Speaking on the sidelines of a three-day educational conference, held at the Cape Town International Convention Centre, South Africa, the Executive Secretary of the commission, Prof Julius Okojie, said owing to the benefit inherent in teaching, research and community service, efforts should be in top gear to fulfill the mandate.
The yearly conference tagged “Going Global,” was organised by the British Council for leaders in higher education around the globe to discuss issues affecting the sector and proffer solutions as well.
A statement endorsed by the communications manager of the council in Nigeria, Desmond Omovie, said this year’s edition had as its theme,
“Building Nations and Connecting Cultures: Education Policy, Economic Development and Engagement,” Over 800 participants were in attendance.
Okojie who was one of the delegates from Nigeria, pledged that going forward, Nigerian universities would intensify globalisation drive in the areas of collaborations and exchange programmes with other universities, in both developed and developing economies, adding that such would drive healthy competition.
On consistent low ranking of Nigerian universities globally, he said it was not as if Nigerian universities have done badly, but that the parameters, which form the basis of such rankings were just unfriendly not only to Nigerian, but African universities, essentially because they were relatively younger in age.
He said, “Our universities would continue to strive to get better by the day so as to stem brain drain and the crave for foreign studies, and at the same time attract both foreign lecturers and students. We would also strive to produce graduates that would become global assets.”

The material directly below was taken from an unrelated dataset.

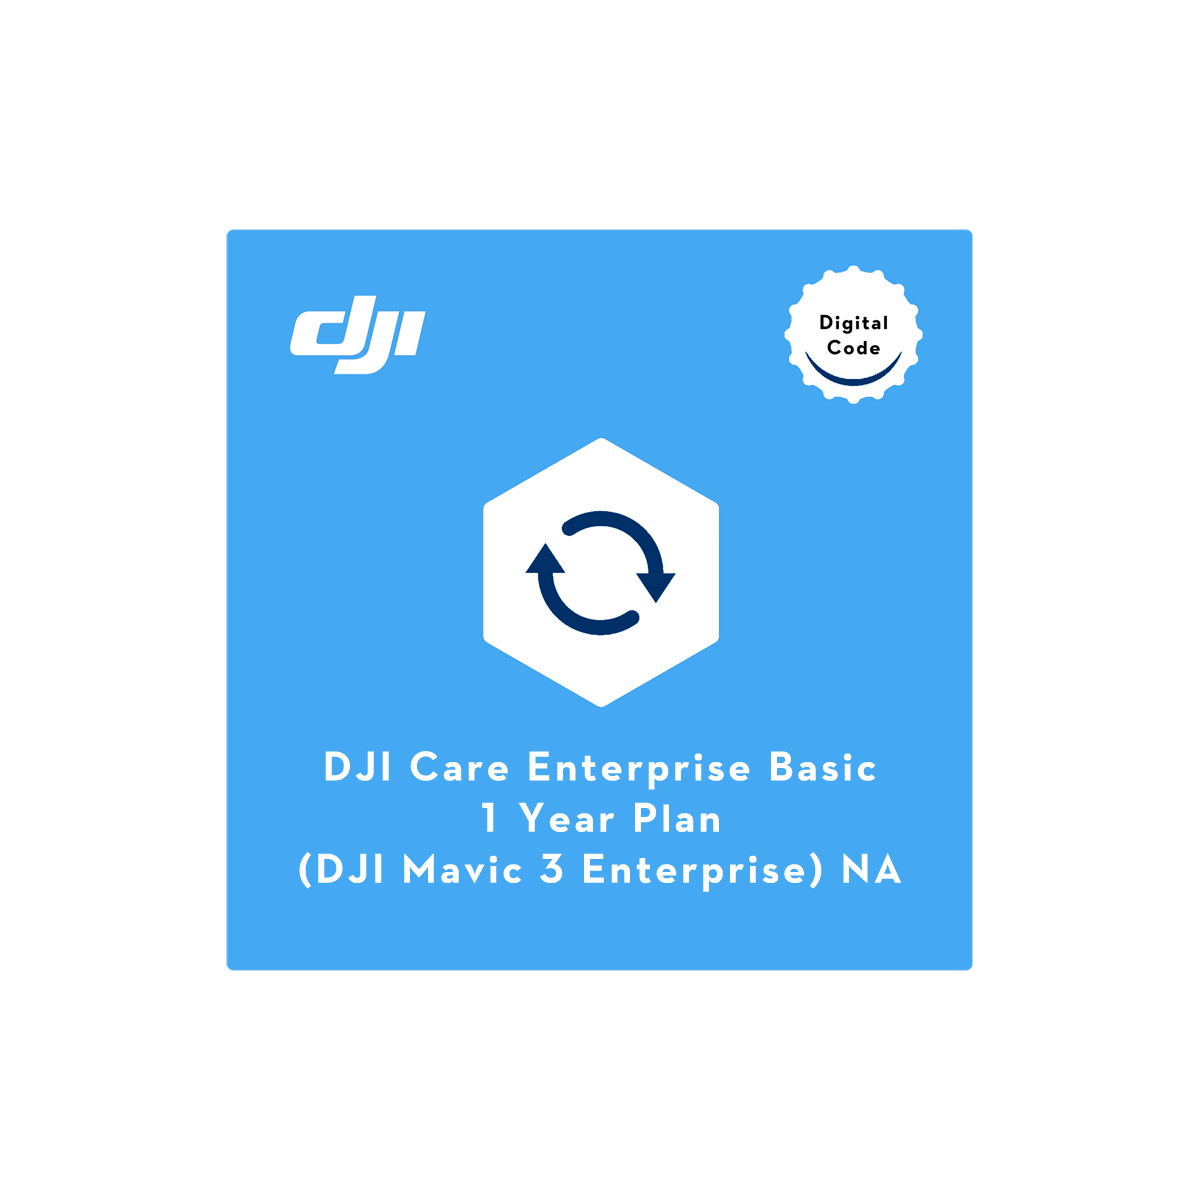 DJI Care Enterprise Basic (Mavic 3 Enterprise) NA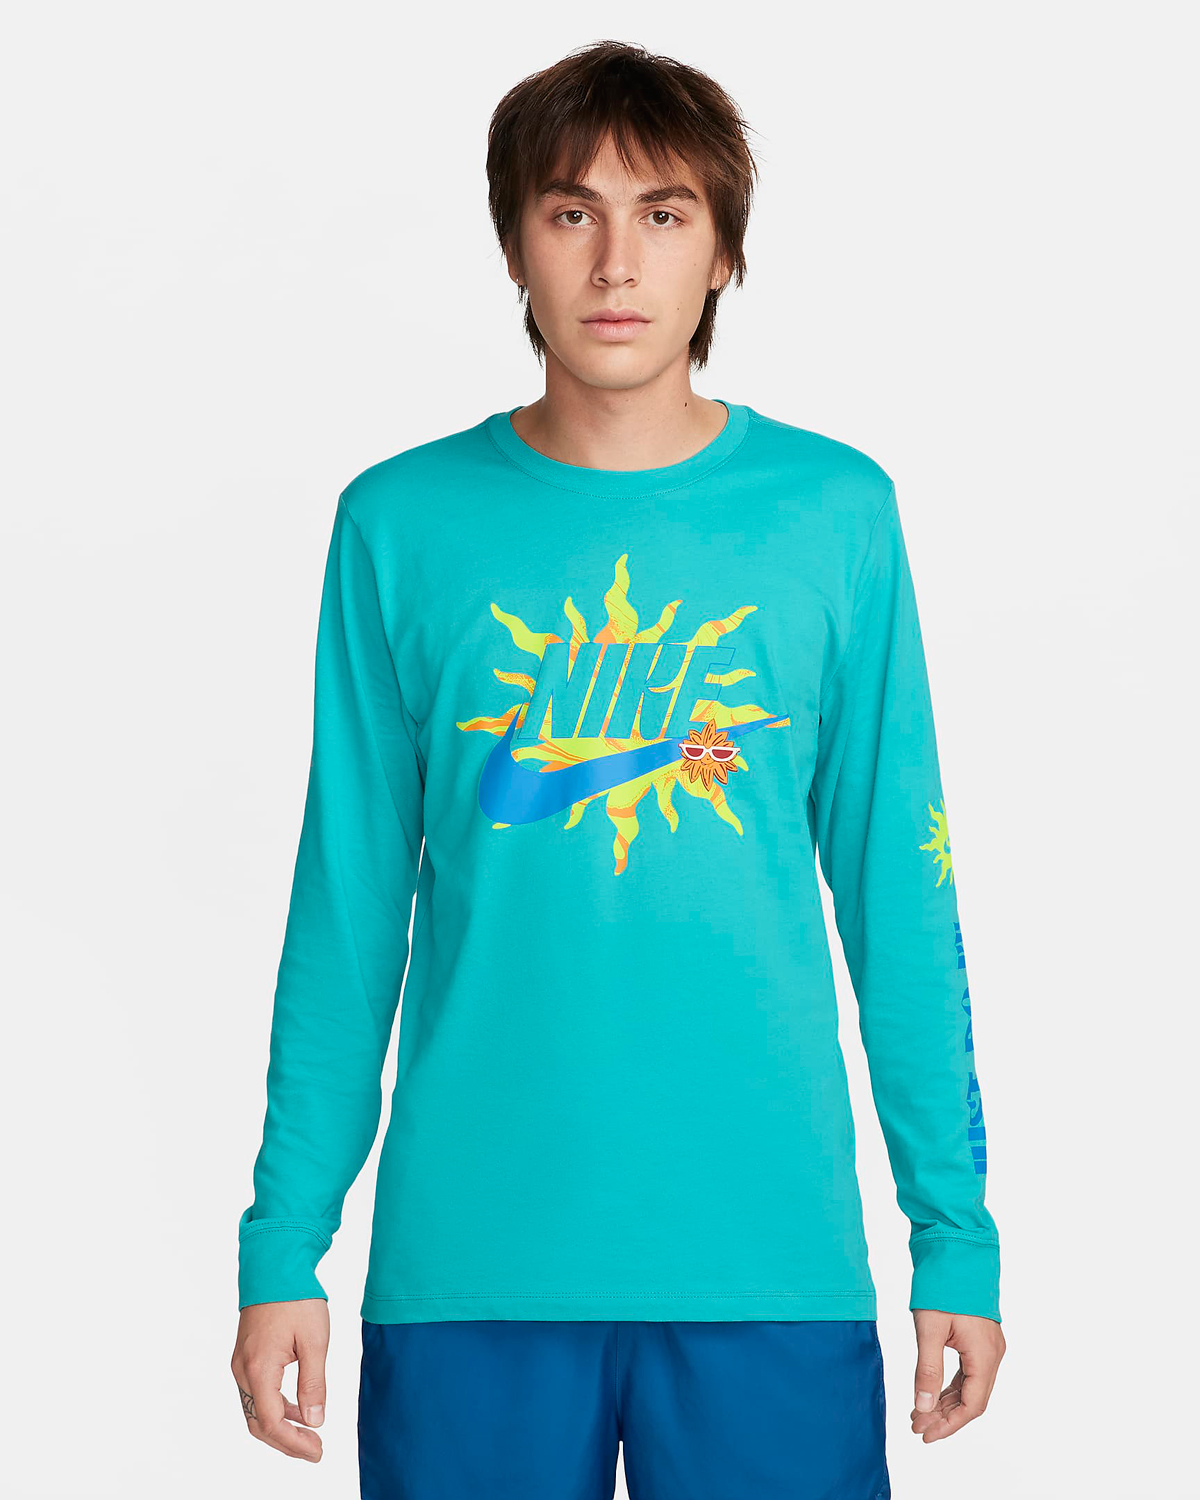 Nike Sportswear Long Sleeve T Shirt Dusty Cactus 1

South African Minister for Higher Education and Training, Dr. Blade Nzimande, who spoke at the opening plenary session of the world’s largest education conference, told the audience comprising of ministers, higher education leaders, policy-makers, vice chancellors and institutional heads, that South African universities make a significant contribution to supporting education on the continent.
He said other institutions should endeavour to do so by allowing academics to undertake researches and produce quality outputs that would inform quality policy globally.
“One of the main thing we need is for our academics to undertake research and produce quality outputs that in the end will inform policy and influence positive outcomes for the greater good of society. We must deliberately seek to change the location of our continent in knowledge production from consumer to producer of globally respected knowledge.”
Chief Executive, British Council, Sir Ciarán Devane, said, “I believe this century will be an African century. That is because Africa has one very big thing on her side, which is potential. No one nation, or even one continent, can hope to adequately address all the big issues facing people. And because challenges are connected, solutions must be connected.”